Overview of the PAT software components

Pat Text Search System Distribution Overview
(Version 3.4.2)
pat
the main search engine.

patbld
the main index building engine.
patmrg
a utility used to merge two indices together.

patdocs
a stand-alone utility for pre-defining a single type of region.
multidocs
a stand-alone utility to create multiple region files at one time.

Those who wish to create new indexes for use with PAT should refer to the accompanying man pages, as well as the man pages that describe data in cntl and docs (i.e., regions) files.

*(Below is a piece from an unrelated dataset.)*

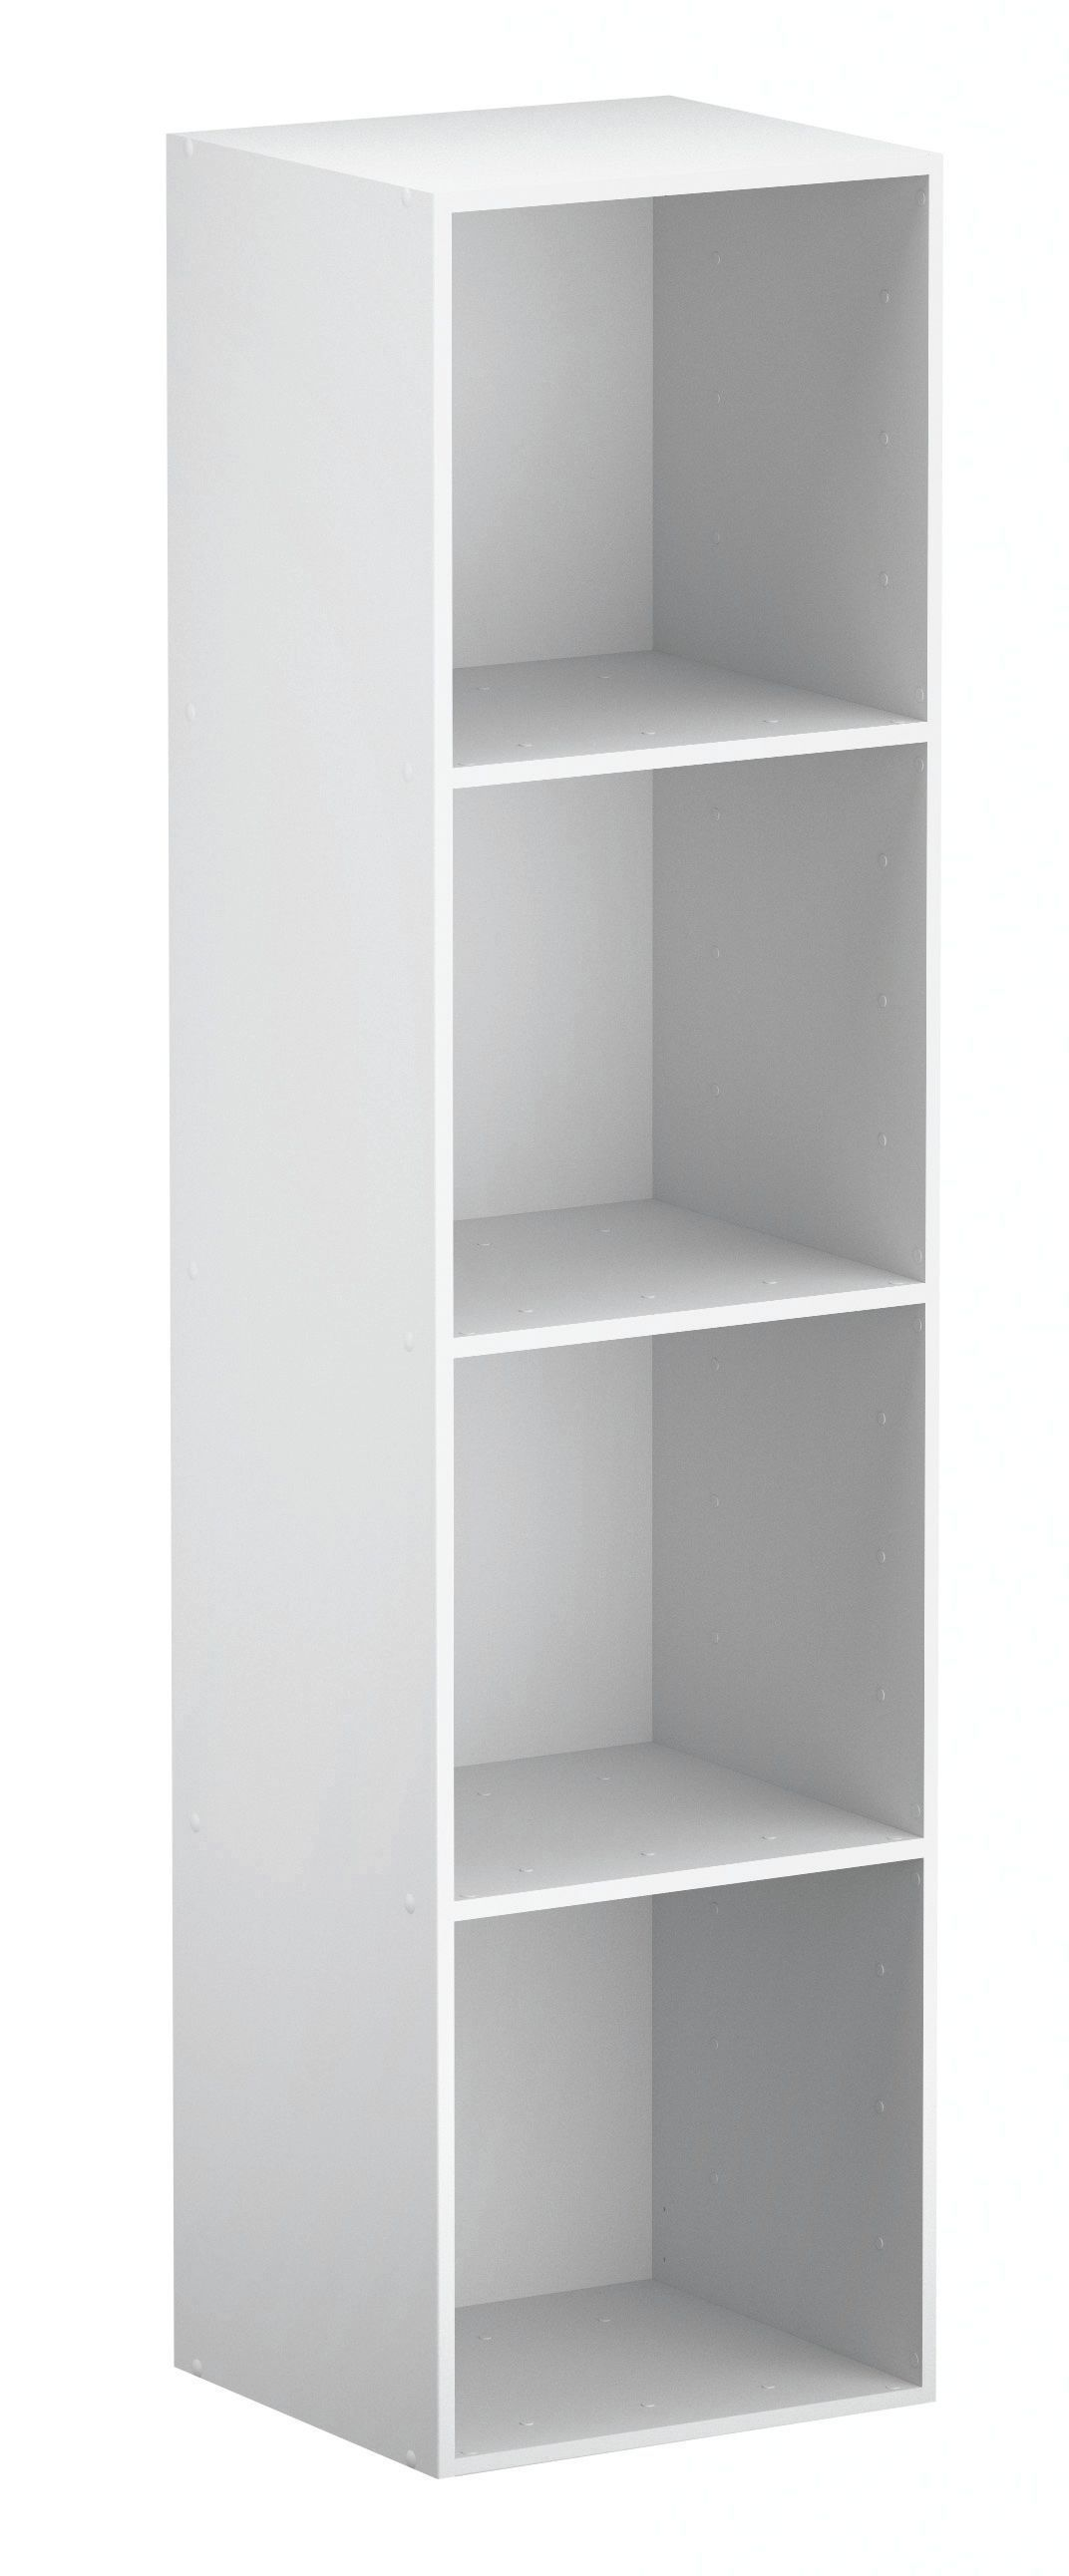 Form Konnect White 4 Cube Shelving Unit H 1372mm W 352mm Departments Diy At B Q Cube Shelving Unit Shelving Unit Room Diy

CGI scripts to search the OED

An ouline of Web support software for searching the OED using the PAT operators and displaying tagged text: according to various styles.

  • lookup
    Search for entries containing a word or phrase:
    • initialize:
      • http protocol
      • choice of tag style specifications
      • settings of search string, display format, search scope, number of entries to return
      • PAT, and tags for chosen style
    • formulate appropriate PAT command to match parameters
    • make call to PAT (using pat_docs_list)
    • for each returned element within the range to be displayed
      • read the text of the entry (using pat_string)
      • convert it to HTML using tags_convert
    • prepare for follow-on query
  • tap
    Provide a Web-based interface to PAT searches on the OED:
    • initialize:
      • http protocol
      • choice of tag style specifications
      • choice of PAT regions to return
      • settings of display format, number of entries to return, sequence of search commands, region type to return
      • PAT, and tags for chosen style
    • make call to PAT (using pat_docs_list)
    • for each returned element within the range to be displayed
      • read the text of the entry (using pat_string)
      • convert it to HTML using tags_convert
    • prepare for follow-on query

    PATTM is a registered trademark of Open Text Corporation, and the PATTM Text Search System is licensed for University of Waterloo faculty, students and academic staff for teaching and research.